Why do we omit the negative sign when finding basic angle when solving trigonometric equations? Suppose I'm asked to solve for $\cos \theta = -0.5$, for $\theta$ between $0^\circ$ and $360^\circ$ inclusive.
I am told that the first step would be to buy the basic angle, $\alpha$. The way I am told to do this is by omitting the negative sign from -0.5 and hence finding sine inverse of 0.5 to get $60^\circ$. I understand the next steps of identifying the quadrant $\theta$ lies in etc: what I don't understand is why I need to omit the negative sign when finding the basic angle. I know the basic angle itself is acute and positive but why must the trigonometric function of the angle be positive for me to find the basic angle too?
 A: Omission of the negative sign is not necessary.
The technique you described in your question involves finding a reference angle in the first quadrant (the reason you drop the negative sign), determining the quadrants in which the cosine is negative, and then finding the angles in those quadrants with that reference angle.  
In this case, the reference angle is $60^\circ$, the quadrants in which the cosine is negative are the second and third quadrants (since the $x$-coordinate is negative), and the angles in those quadrants with a reference angle of $60^\circ$ are, respectively, $180^\circ - 60^\circ = 120^\circ$ and $180^\circ + 60^\circ = 240^\circ$.  

While this method works, it is not necessary.  

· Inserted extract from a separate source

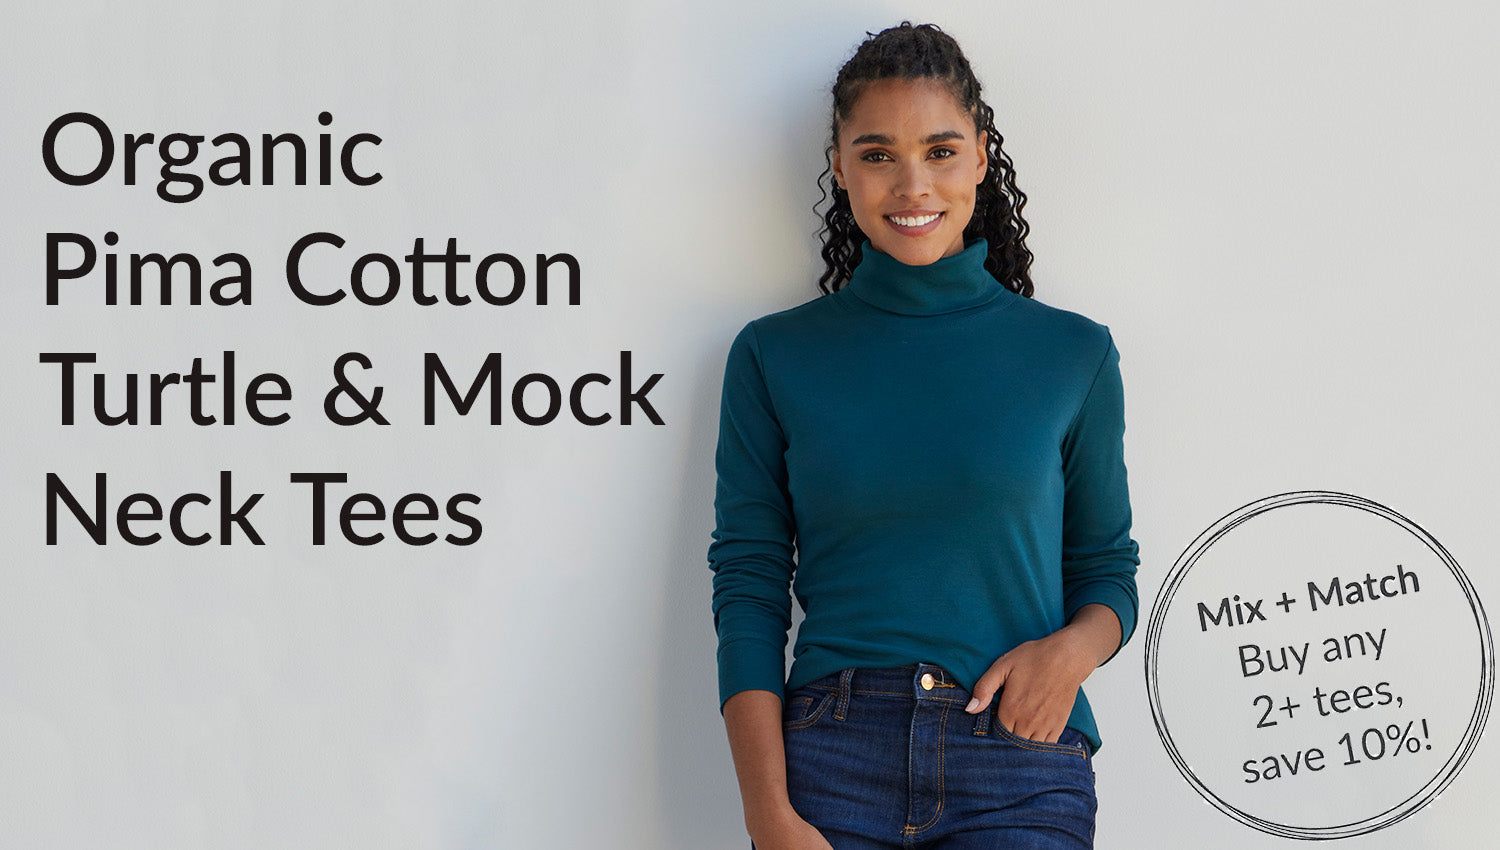 womens organic cotton turtlenecks and mock turtleneck tops and tees - fair trade clothing
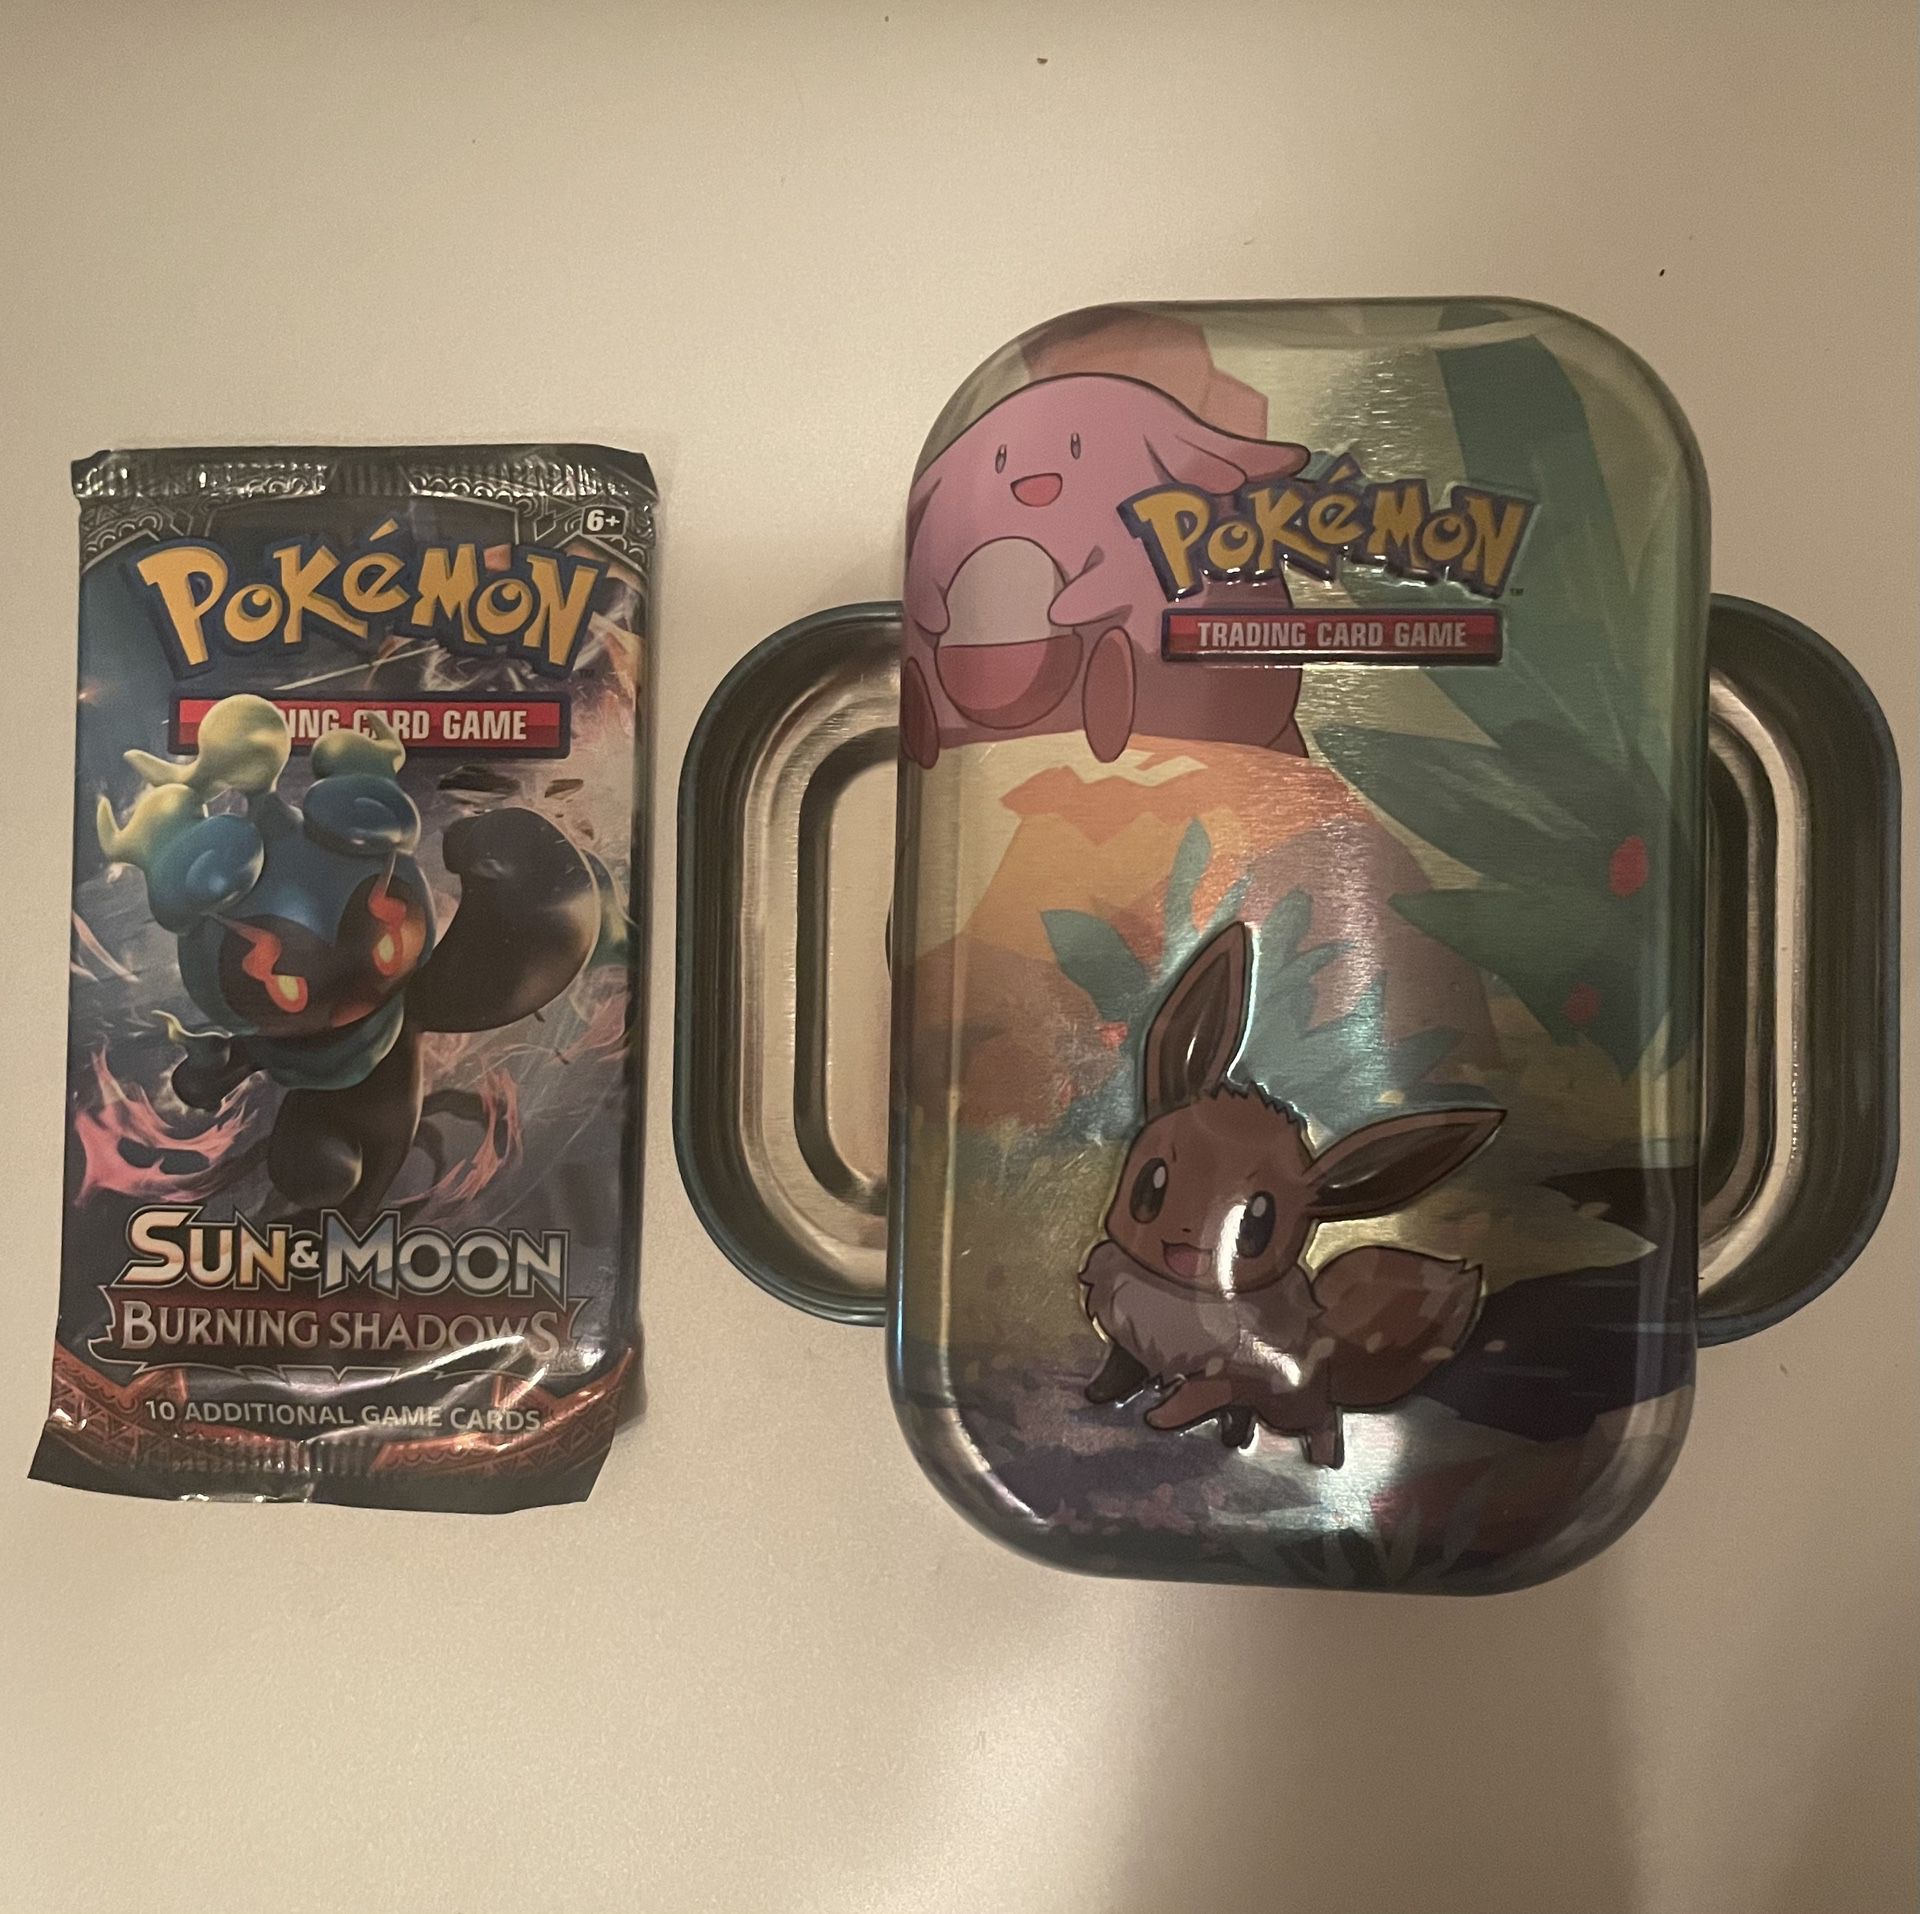 Sealed 2017 Pokémon TCG Sun & Moon Burning Shadows Booster Pack PLUS an empty Pokemon Galar Tins - all in great condition. PSA 10 Charizard?

The arccosine function (inverse cosine function) is defined by 
$$\arccos x = \theta \iff x = \cos\theta, 0 \leq \theta \leq \pi$$
where $\theta$ is measured in radians.  Since $2\pi/3$ is the unique angle $\theta$ in the interval $[0, \pi]$ such that $\cos\theta = -1/2$, 
$$\arccos\left(-\frac{1}{2}\right) = \frac{2\pi}{3}$$
Thus, one solution of the equation $\cos\theta = -1/2$  is $2\pi/3$, which is $120^\circ$.  Using symmetry, we obtain 
$$\cos\theta = \cos(2\pi - \theta)$$
since the $x$-coordinates of the points where the terminal sides of the angles $\theta$ and $2\pi - \theta$ intersect the unit circle are equal.  (The angle $\theta$ in the diagram is not the same as the one in the problem.)

Hence, another solution is 
$$2\pi - \frac{2\pi}{3} = \frac{4\pi}{3}$$
which is $240^\circ$.